"Yes; he was certainly quieter. But he seemed to want particularly to see Lita."

Pauline drew a quick breath. "Yes. On the whole I was glad she wasn't here. Lita has never known how to manage Arthur, and her manner is sometimes so irritating. She might have said something that would have upset him again. It was really a relief when your father telephoned that they had decided to dine at Greystock—though I could see that Arthur thought that funny too. His ideas have never progressed an inch; he's always remained as old-fashioned as his mother." She paused a moment, and then went on: "I saw you were a little startled when I asked him if he wouldn't like to spend the night. But I didn't want to appear inhospitable."

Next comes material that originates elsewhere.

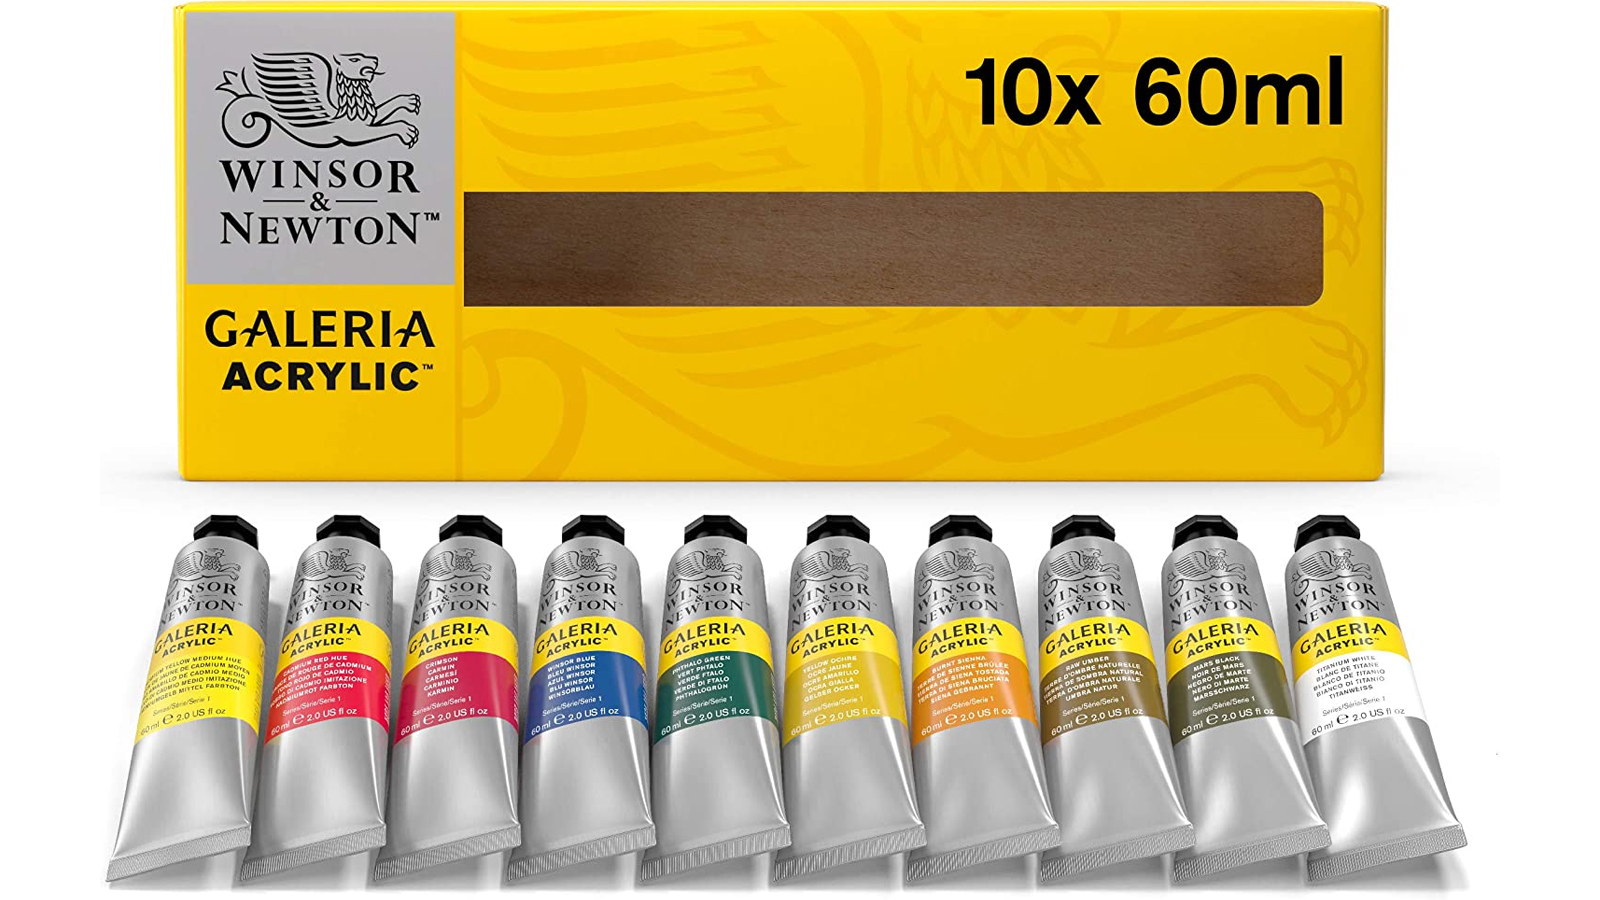 A set of Galleria acrylics by Winsor and Newton

"No; not in this house," Nona agreed with her quick smile. "And of course one knew he wouldn't—"

Pauline sighed. "Poor Arthur! He's always so punctilious."

"It wasn't only that. He was suffering horribly."

"About Lita? So foolish! As if he couldn't trust her to us—"

"Not only about Lita. But just from the fact of being here—of having all his old life thrust back on him. He seemed utterly unprepared for it—as if he'd really succeeded in not thinking about it at all for years. And suddenly there it was: like the drowning man's vision. A drowning man—that's what he was like."

Pauline straightened herself slightly, and Nona saw her brows gather in a faint frown. "What dreadful ideas you have! I thought I'd never seen him looking better; and certainly he didn't take too much wine at dinner."

"No; he was careful about that."

"And I was careful too. I managed to give a hint to Powder." Her frown relaxed, and she leaned back with another sigh, this time of appeasement. After all, her look seemed to say, she was not going to let herself be unsettled by Nona's mortuary images, now that the whole business was over, and she had every reason to congratulate herself on her own share in it.